After adjustment, both diabetic cohorts showed statistically significant reductions in mean HbA1c 12 months after the switch, by 0.38% (p < 0.001) in type 1 patients and 0.31% (p < 0.001) in type 2 patients. Improvement in HbA1c was positively correlated with baseline HbA1c; patients with baseline HbA1c ≥ 8% had reductions of 0.57% (p < 0.001) and 0.47% (p < 0.001), respectively.
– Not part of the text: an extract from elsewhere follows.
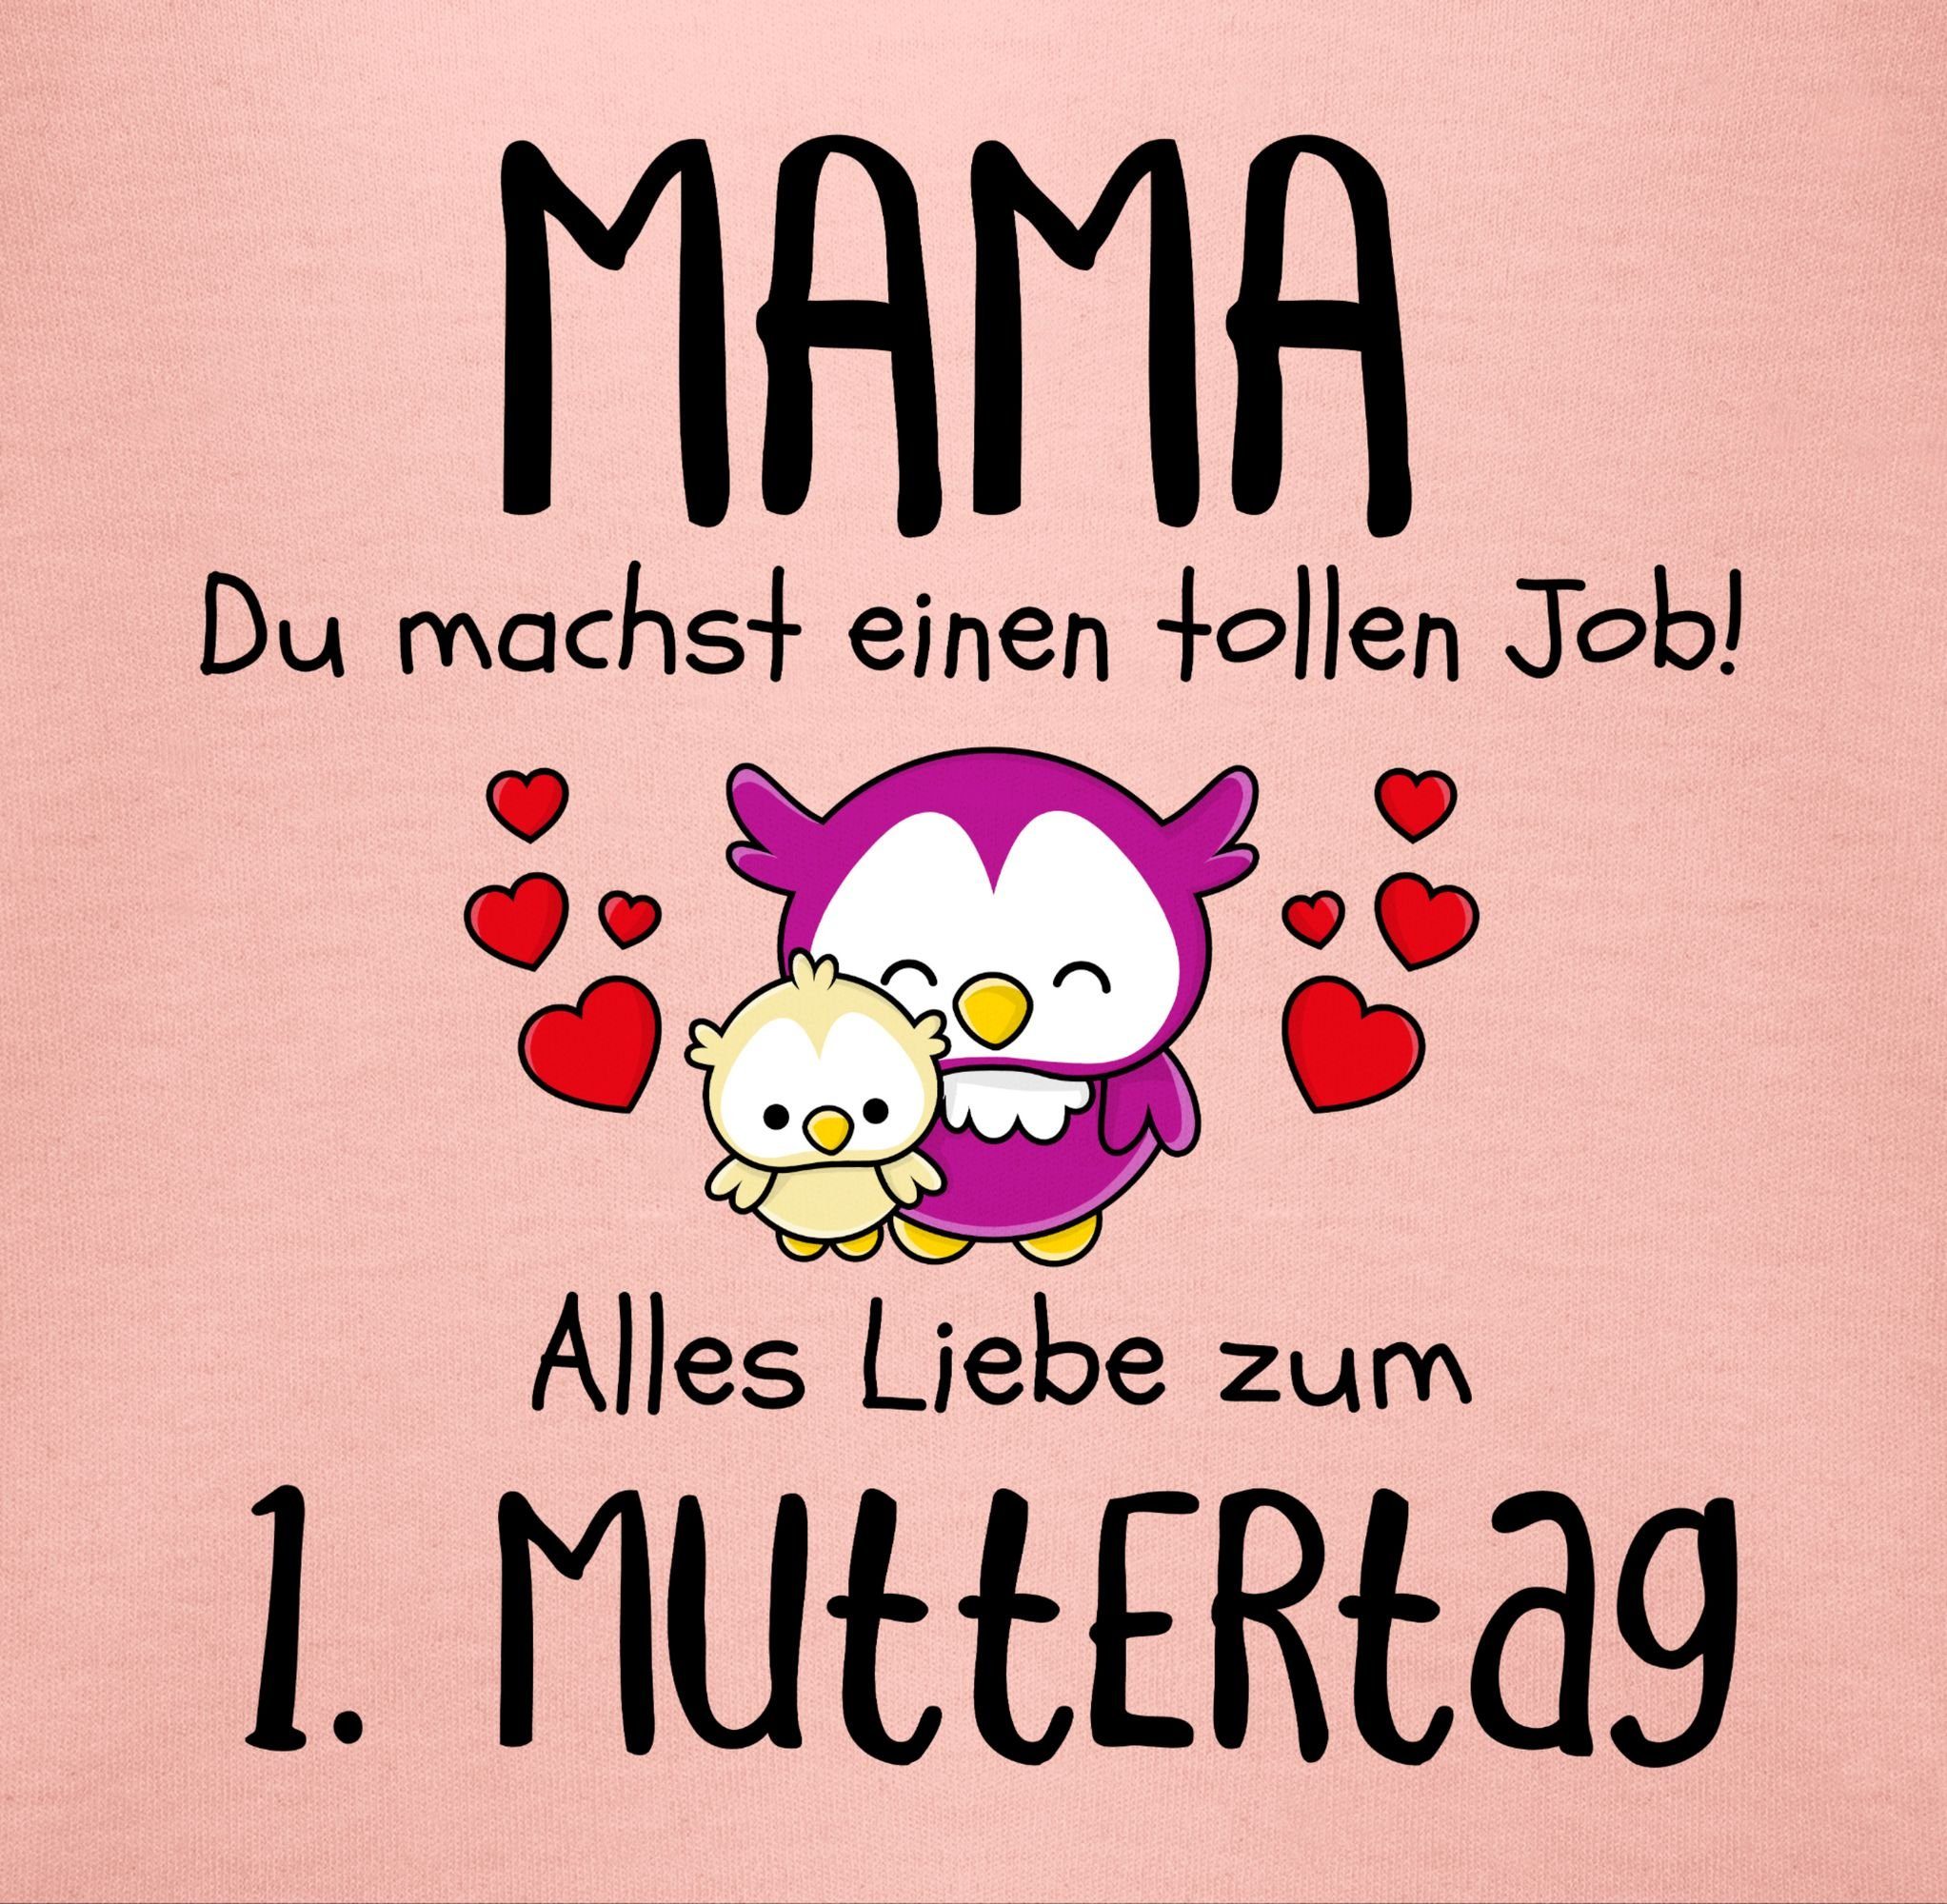 Muttertagsgeschenk Shirtracer 1. Babyrosa Muttertag - Mama T-Shirt Erster 2

There was no significant change in weight or total daily insulin dose while on glargine. The majority of patients received a basal-bolus regimen prior to and after the switch (mean 79.3% before and 77.2% after switch in type 1 patients, and 80.4% and 76.8%, respectively in type 2 patients, p > 0.05).

Conclusion

In routine clinical practice, switching from NPH to glargine provides the opportunity for improving glycaemic control in diabetes patients inadequately controlled by NPH.